The Panama-flagged container ship Lucia, heading from Togo to Cameroon, was attacked by pirates in the Gulf of Guinea, according to the Russian Defense Ministry. After receiving a distress call, a Russian warship launched a helicopter carrying a marine corps team to free the ship.
“The vessel had a crew of 22: a Russian, a Romanian, and 20 Ukrainians. All of them are safe and sound. They hid in the vessel’s isolated cabin,” the commander said.
According to TASS, the commander stated that after receiving a signal from the international counter-piracy bureau about a vessel seized by pirates, he made a decision to send a helicopter there. The helicopter “flew to the designated area in complex weather conditions amid a powerful tropical storm,” he specified.
“The distance was over 80 km. Upon its arrival in the area, it spotted a fast-speed boat maneuvering along the side of the captured vessel. After hearing the sound of a helicopter and seeing it, eight pirates boarded the boat as the chopper approached the vessel and the boat began moving away with abrupt maneuvers at a high speed of over 30 knots,” the commander said.
The Russian naval taskforce switched to full combat readiness and anti-terror squads on board all the warships went on high alert, he elaborated.
“The naval taskforce began moving at the highest speed to the area where the vessel was spotted.
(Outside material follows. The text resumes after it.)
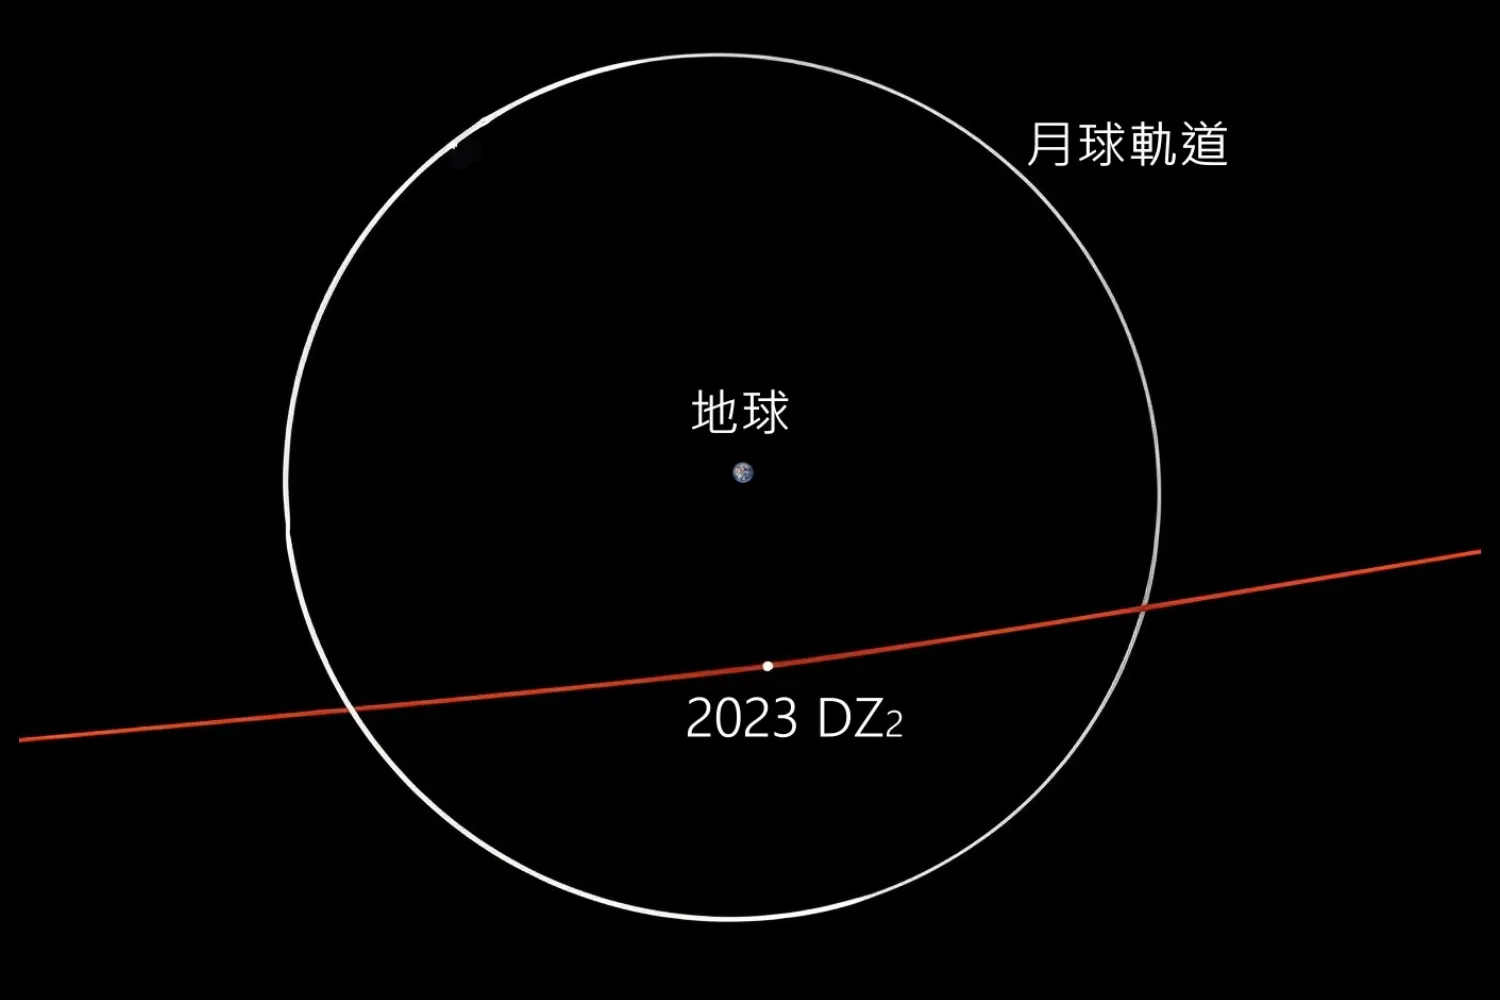 小行星2023 DZ2

The travel time was two and a half hours. The helicopter had to make a back flight to the warship for refueling and was preparing for its repeat mission, excelling all timed combat training requirements,” Varik stressed.
By that time, it was known that the vessel’s crew were not contactable, there was no one on the upper deck and the boat with the pirates had moved away by a considerable distance, he said.
“By that time, I had got in touch with the international counter-piracy bureau and informed them that we were getting in touch with the vessel and that the pirates had been edged out of the area and their activity halted,” the naval task force commander said.
Container ship’s inspection
The Russian marines had no information about whether any pirates had remained aboard the vessel, the commander said. “While approaching the vessel, the personnel took all precautionary measures. The assault and support groups were armed and instructed and boarded a fast-speed boat when the warship arrived at the area of the operation. The helicopter took off for the second time to provide fire support from the air. Control was exercised from a drone launched from the large anti-submarine destroyer [Vice-Admiral] Kulakov,” the 1st rank captain said.
The marines managed to get in contact with the container ship’s crew, he said.
“After that, the most complex and dangerous work began: the assault (fire) group boarded the vessel under the cover of the helicopter and the warship’s weapons. The warship stayed 300 meters from the captured vessel. The marines operated swiftly and professionally,” the commander said.
Six marines climbed the Lucia cargo ship and assumed positions along its board, following which they inspected the vessel for half an hour and freed the crew, he added.
“There are no injuries. All were safe and sound and climbed the upper deck to heartily welcome, thank and simply embrace the marines for their rescue,” Varik said.
An additional group consisting of an investigator and a prosecutor also boarded the civilian vessel freed from the pirates. The container ship is now being led by the group of warships at the captain’s request, the commander informed.
Russia’s naval task force
A task force from the Russian Northern Fleet has been on an anti-piracy mission in the Gulf of Guinea over the past three weeks. The task force consists of the rescue tug Altai, the medium sea tanker Akademik Pashin and the large anti-submarine warfare ship Vice-Admiral Kulakov. The Russian marines are providing security for shipping and monitoring the maritime situation using deck-based aviation.